General News of Friday, 26 April 2013

Source: GNA

Government commended for accepting to abolish death penalty

The Amnesty International Ghana (AIG) on Thursday commended government for accepting the Constitutional Review Commission’s (CRC) recommendation to abolish the death penalty in the revised constitution.

Mr Lawrence Amesu, Director of AIG, said this during the launch of Amnesty International’s death penalty 2012 report in Accra.

He however, urged government to take urgent action to implement the recommendation as the continuous retention of the death penalty clause in the constitution could be used "one day as it happened in The Gambia in August last year"

He said 27 people (all men) were sentenced to death in Ghana in 2012 even though the orders are yet to be carried out.

He said, per the report from the Ghana Prisons Service, the total number of people sentenced to death in Ghana as at December 2012 was 162 men and 4 women.

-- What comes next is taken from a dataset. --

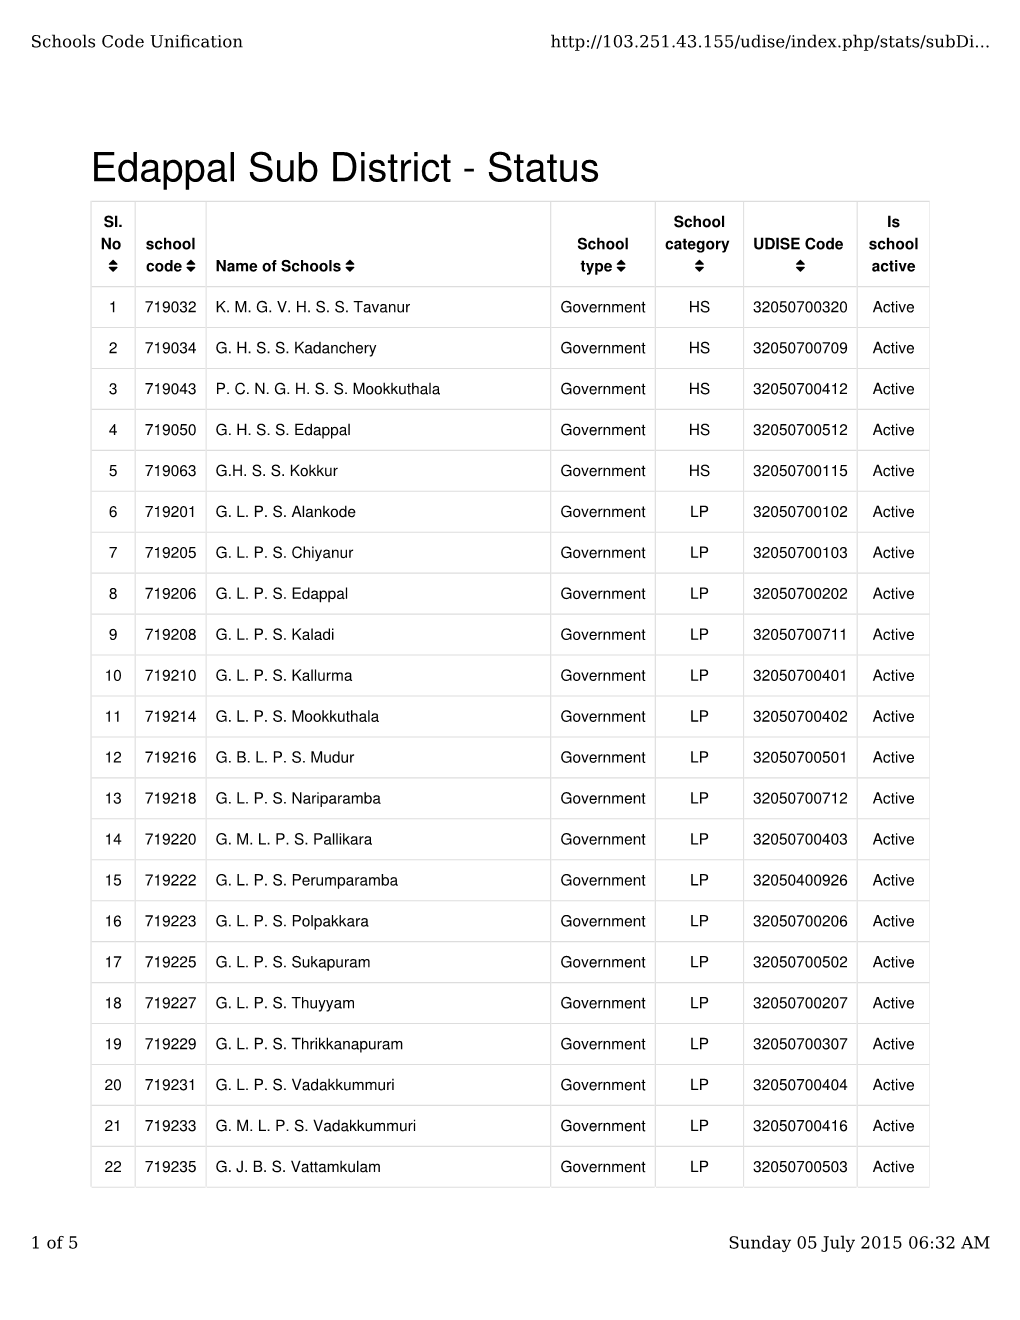 Edappal Sub District - Status

He said in 2012, Amnesty International recorded state executions in 21 countries and the republic of China remained the leading culprit with over 1,000 confirmed executions in 2012 followed by Iran, Iraq, Saudi Arabia and USA.

“In Africa, there were 19 executions in Sudan, nine in Gambia, six in Somalia, five in South Sudan and two in Botswana”, he said.

He said the death penalty abolitionist countries rose to 97 in 2012 from 80 countries in 2003, an indication that the crusade for the abolishing of death penalty was gradually being achieved.

ACP Paul Awini, Director of Operations at the Ghana Police Service, on behalf of the inspector general of police noted that, the sanctity of life could not be toyed with and it was therefore important that the death penalty be abolished from Ghana’s constitution.

Mrs Patience Baffoe Bonnie, Head of Legal Department of the Ghana Prison Service, said the service operated within the law and would accordingly comply if the laws were changed concerning the death penalty.

She however challenged the AIG not to rely solely on abolishing the death penalty but also ensure that conditions at the various prisons were improved to enable inmates to enjoy their basic human rights.